The 2-Year Growth Plan
Here is a realistic roadmap to build $200,000+ in ARR within two years:
Months 1-3: Design and Launch
- Design your 3-tier service contract packages
- Price for profit (30%+ margin)
- Create sales materials (flyers, email templates, landing page)
- Train your team on how to sell contracts
- Launch to existing customers via email and phone outreach
- Goal: 25-50 contracts, $10,000-$20,000 ARR
Months 4-6: Refine and Scale
- Deliver flawless service on initial contracts
- Collect feedback and adjust packages/pricing as needed
- Start on-site upsells on every job
- Launch Google Ads targeting maintenance keywords
- Goal: 75-125 total contracts, $30,000-$50,000 ARR
Months 7-12: Aggressive Growth
- Add direct mail campaigns
- Pursue partnerships (property managers, real estate agents)
- Hire a part-time contracts coordinator
- Implement renewal automation
- Goal: 200-300 total contracts, $80,000-$120,000 ARR
Months 13-24: Scale and Optimize
- Expand marketing budget
- Incentivize team with sales bonuses
- Focus on renewals (target 75%+ renewal rate)
- Upsell existing contracts to higher tiers
- Goal: 500-600 total contracts, $200,000-$250,000 ARR
The ROI: Why This Matters
Service contracts transform your business in three ways:
1. Predictable revenue.
You know how much money is coming in every month before you sell a single new job. This allows you to plan hiring, equipment purchases, and personal finances with confidence.
2. Higher business valuation.
Businesses with recurring revenue sell for higher multiples. A contracting business doing $1 million/year with no recurring revenue might sell for 2-3x EBITDA. The same business with $250,000 in ARR might sell for 4-5x EBITDA because buyers value the predictability.

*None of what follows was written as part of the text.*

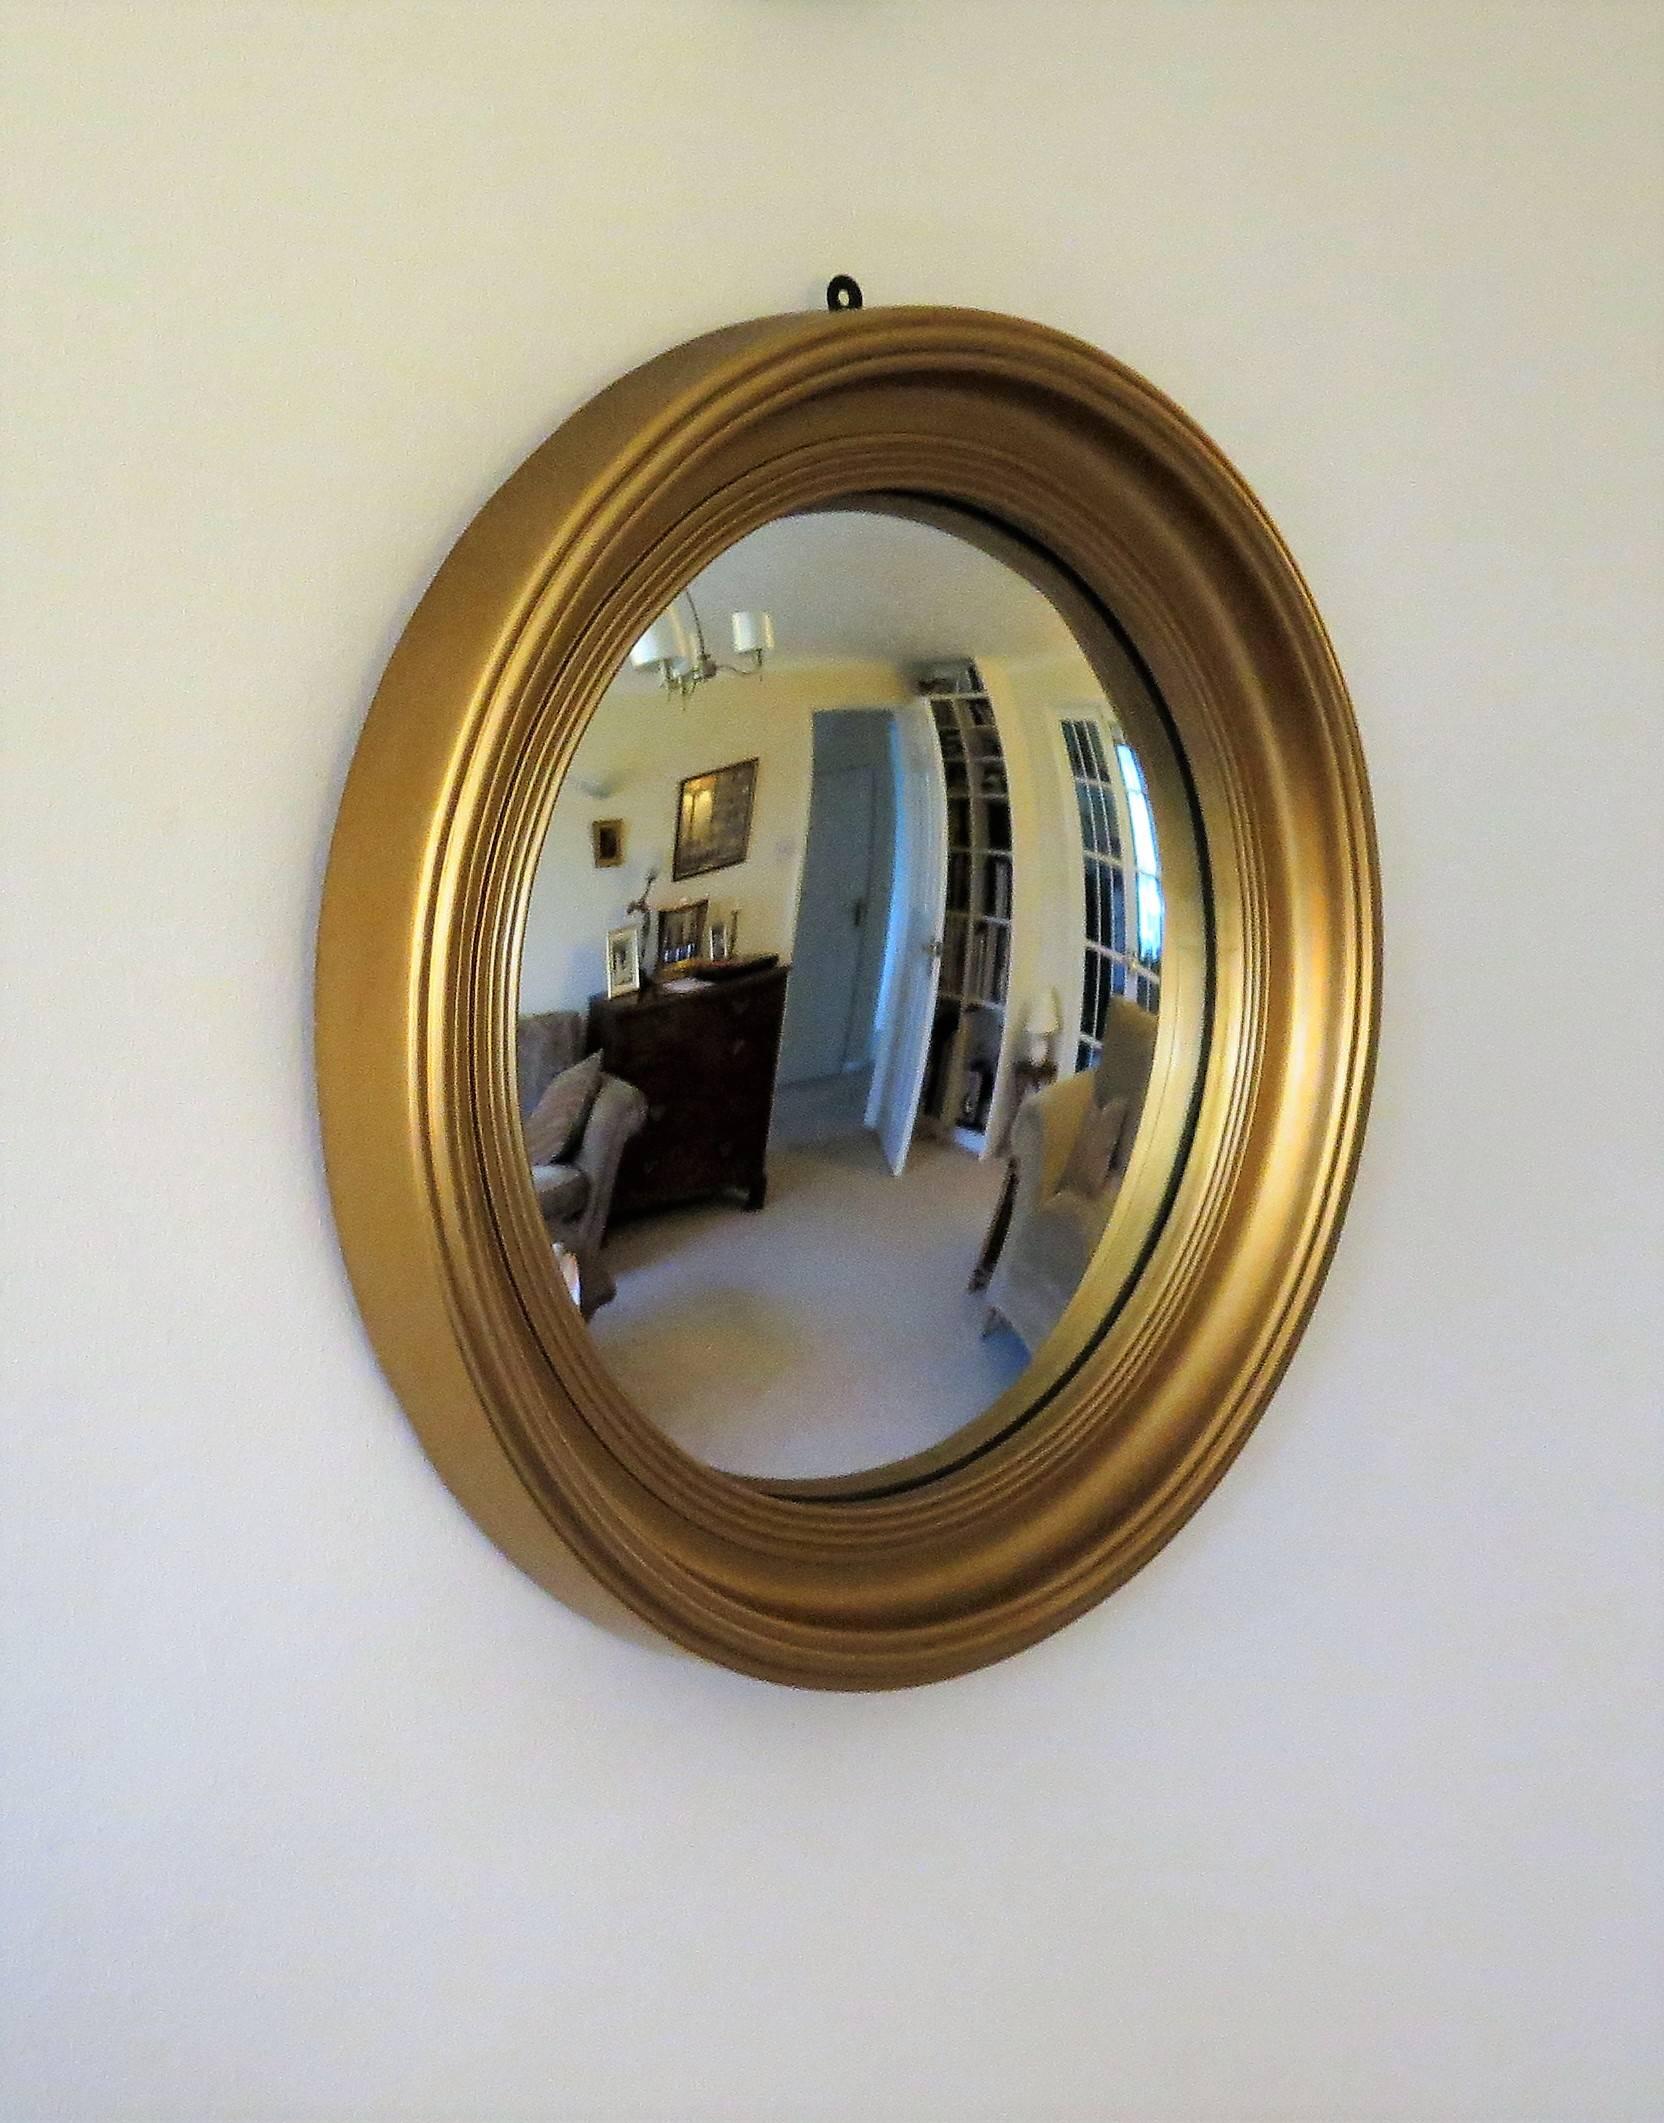 English Round Convex Mirror Giltwood in Regency Style with reeded detail, circa 1920

Steve Daniels sold his plumbing business in 2023 for $2.1 million. His total revenue was $1.3 million ($520,000 ARR, $780,000 project work). Comparable plumbing companies without recurring revenue were selling for 2.5x-3x EBITDA. Steve got 4.2x because of his service contracts.
3. Compounding growth.
Every contract you sell this year generates revenue next year, and the year after, and the year after. If you sell 200 contracts this year at $400/year average, that is $80,000 ARR. If you renew 75% of them next year and sell 200 more, you are now at $220,000 ARR. Year three: $345,000. The base compounds.
The Bottom Line
Recurring revenue through service contracts is the most underutilized strategy in the contracting world. Most contractors ignore it because it feels like extra work or they do not know how to sell it.
But the contractors who build service contract programs create more stable, more profitable, and more valuable businesses. They spend less time chasing leads, less time worrying about cash flow, and more time delivering great service to loyal customers.
Start small. Design your packages. Sell to your existing customers first. Deliver flawlessly. Scale from there.
Within two years, you can build $200,000+ in ARR. Within five years, you can build a $500,000+ recurring revenue base that makes your business nearly impossible to compete with.